Hubert H. Humphrey, III, Attorney General, St. Paul, James C. Backstrom, Dakota County Attorney, Phillip D. Prokopowicz, Assistant County Attorney, Hastings, for Respondent.

John M. Stuart, State Public Defender, Scott G. Swanson, Assistant State Public Defender, Minneapolis, for Appellant.

Considered and decided by PARKER, P.J., and SCHUMACHER and DAVIES, JJ.

OPINION

DAVIES, Judge.

Appellant Wayne Thomas Carter, who was arrested after a visual search through an apartment window, challenges the legality of the search. He also challenges imposition of the presumptive sentence. We affirm.

FACTS

On May 15, 1994, a citizen told Police Officer Jim Thielen (officer) that there was drug activity in a nearby apartment. This informant told the officer that, while walking past a garden-level apartment window, he saw people packaging a white powder in plastic bags. The informant also told the officer that there was a blue four-door Cadillac with Illinois license plates nearby that possibly belonged to the people in the apartment.

After talking to the informant, the officer proceeded to the apartment building and, while standing on the front lawn, approximately 12-18 inches from a garden-level window, looked through a gap in the window blinds. He saw three people--two males and a female--working at a kitchen table. The males were putting small amounts of white powder into plastic bags, which the female then cut off for sealing. The officer observed the three people for 15 minutes, during which time they filled five or six bags.

The officer then contacted a South Metro Drug Task Force officer, who applied for a search warrant for both the car and the apartment. The suspects' car left the premises and the police arrested its occupants before the search warrant was obtained. The officer recognized appellant Wayne Carter, the car's driver, and Melvin Johns, the car's passenger, as the two males he had seen in the apartment.

Police seized an automatic pistol (which was in plain view) from the passenger-side floor. When they later received and executed the search warrant for the car, the police recovered a black leather bag containing 47.1 grams of cocaine packaged in plastic bags, along with pagers and a scale.

Carter was found guilty, on stipulated facts, of conspiracy to commit a controlled substance crime in the first degree in violation of Minn.Stat. §§ 152.021, subd. 1(1), and 609.05 (1992) (count I), and controlled substance crime in the first degree (aiding and abetting) under Minn.Stat. §§ 152.021, subd. 2(1), and 609.05 (1992) (count II).

Carter was sentenced (only on count I) to the presumptive guidelines sentence of 86 months in prison. He now appeals, challenging the legality of the search and the failure to depart downward from the presumptive sentence.

ISSUES

I. Does Carter have standing to object to the officer's visual search?

II. Did the court err in failing to depart downward from the presumptive sentence?

ANALYSIS
I. Standing

As a threshold matter, the trial court ruled that Carter, as a short-duration caller, had no standing to object to the officer's peering into the apartment window. Carter disagrees and argues that his status, which he claims was as an "invited houseguest," is one to which society is willing to give an "expectation of privacy" and Fourth Amendment protection. On these stipulated facts, this presents a question of law, which we review de novo. Frost-Benco Elec. Ass'n v. Minnesota Pub. Utils. Comm'n, 358 N.W.2d 639, 642 (Minn.1984).
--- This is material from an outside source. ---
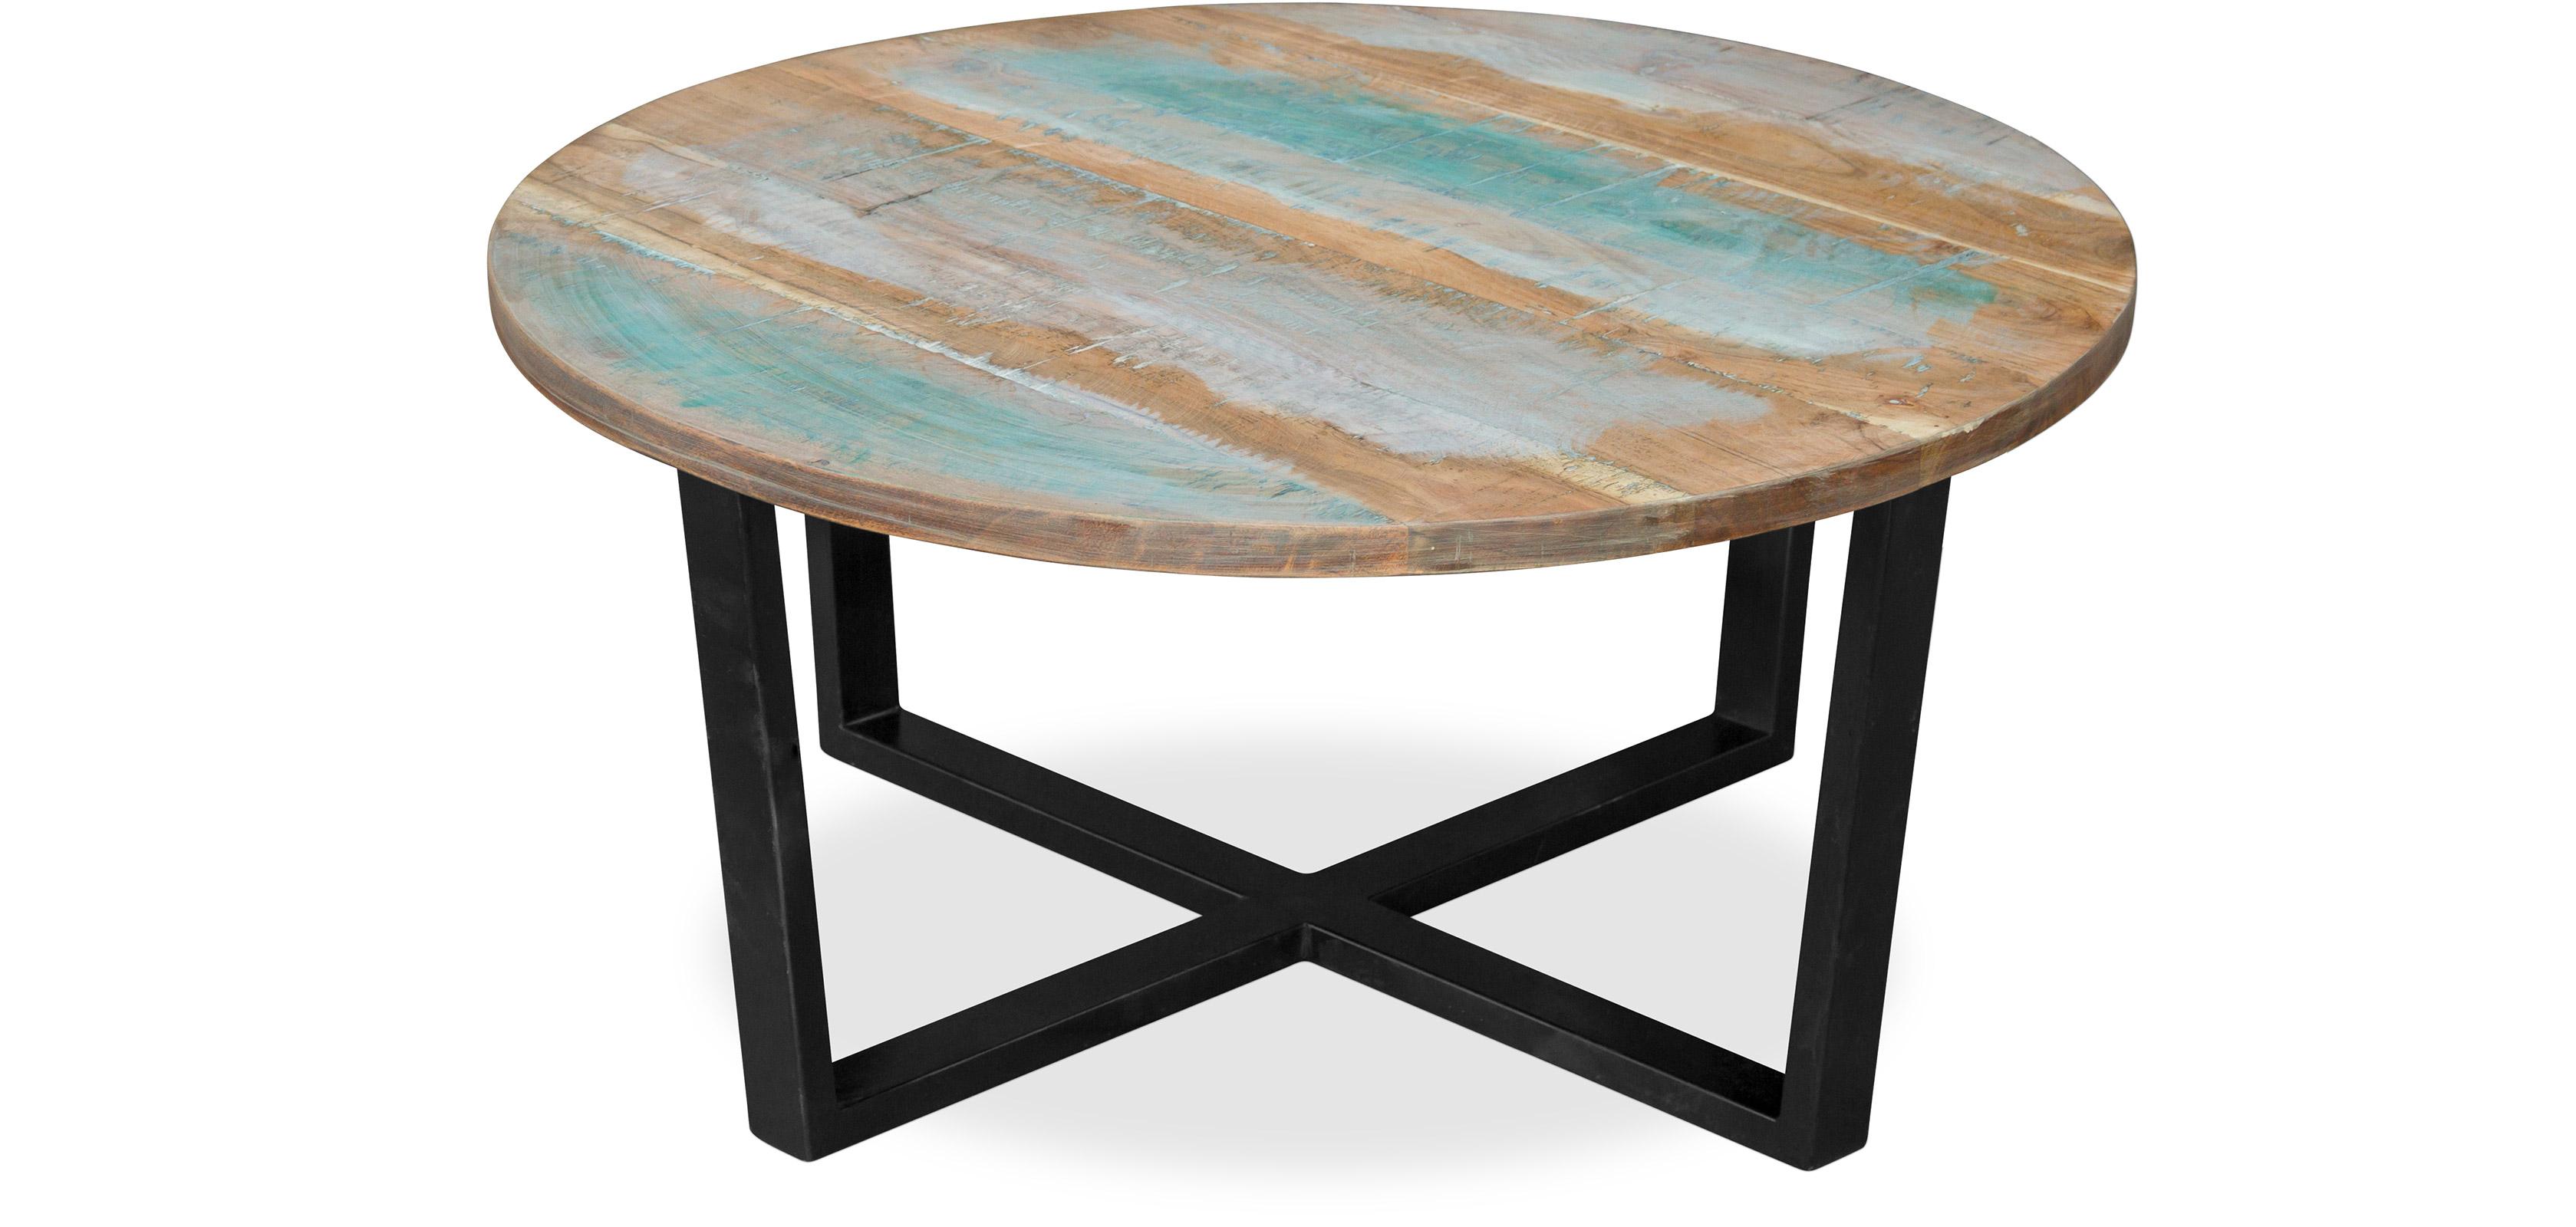 Tavolo tondo da caff basso vintage in legno riciclato - Tavolo legno riciclato ...

[C]apacity to claim the protection of the Fourth Amendment depends * * * upon whether the person who claims the protection of the Amendment has a legitimate expectation of privacy in the invaded place.

Rakas v. Illinois, 439 U.S. 128, 143, 99 S.Ct. 421, 430, 58 L.Ed.2d 387 (1978) (citing Katz v. United States, 389 U.S. 347, 353, 88 S.Ct. 507, 512, 19 L.Ed.2d 576 (1967)). A subjective expectation of privacy is legitimate if it is "one that society is prepared to recognize as 'reasonable.' " Katz, 389 U.S. at 361, 88 S.Ct. at 516 (Harlan, J., concurring).

As support for their respective conclusions, Carter and the state (as did the trial court) cite Minnesota v. Olson, 495 U.S. 91, 110 S.Ct. 1684, 109 L.Ed.2d 85 (1990). In Olson, the police made a warrantless, nonconsensual entry into a house and arrested Olson. Id. at 93-94, 110 S.Ct. at 1686-87. The United States Supreme Court, in affirming the Minnesota Supreme Court, held that Olson, as an overnight houseguest, had a reasonable expectation of privacy in the house protected by the Fourth Amendment. Id. at 96-97, 110 S.Ct. at 1688. Carter argues that the Olson holding applies to him.

The trial court stated that Carter presented no evidence--other than that he was an out-of-state resident--to show that his status created a reasonable expectation of privacy. We agree with the trial court's assessment.

Olson suggests that staying overnight in another's home is indicative of a sufficient "presence." Carter presents no evidence he was an overnight guest, and the suggestion that Carter may raise Fourth Amendment objections to a search of the premises solely because he was legitimately on the premises has been rejected as "too broad a gauge for measurement of Fourth Amendment rights." Rakas, 439 U.S. at 142, 99 S.Ct. at 429. The "legitimate expectation of privacy" standard requires a stronger presence than mere legitimate presence.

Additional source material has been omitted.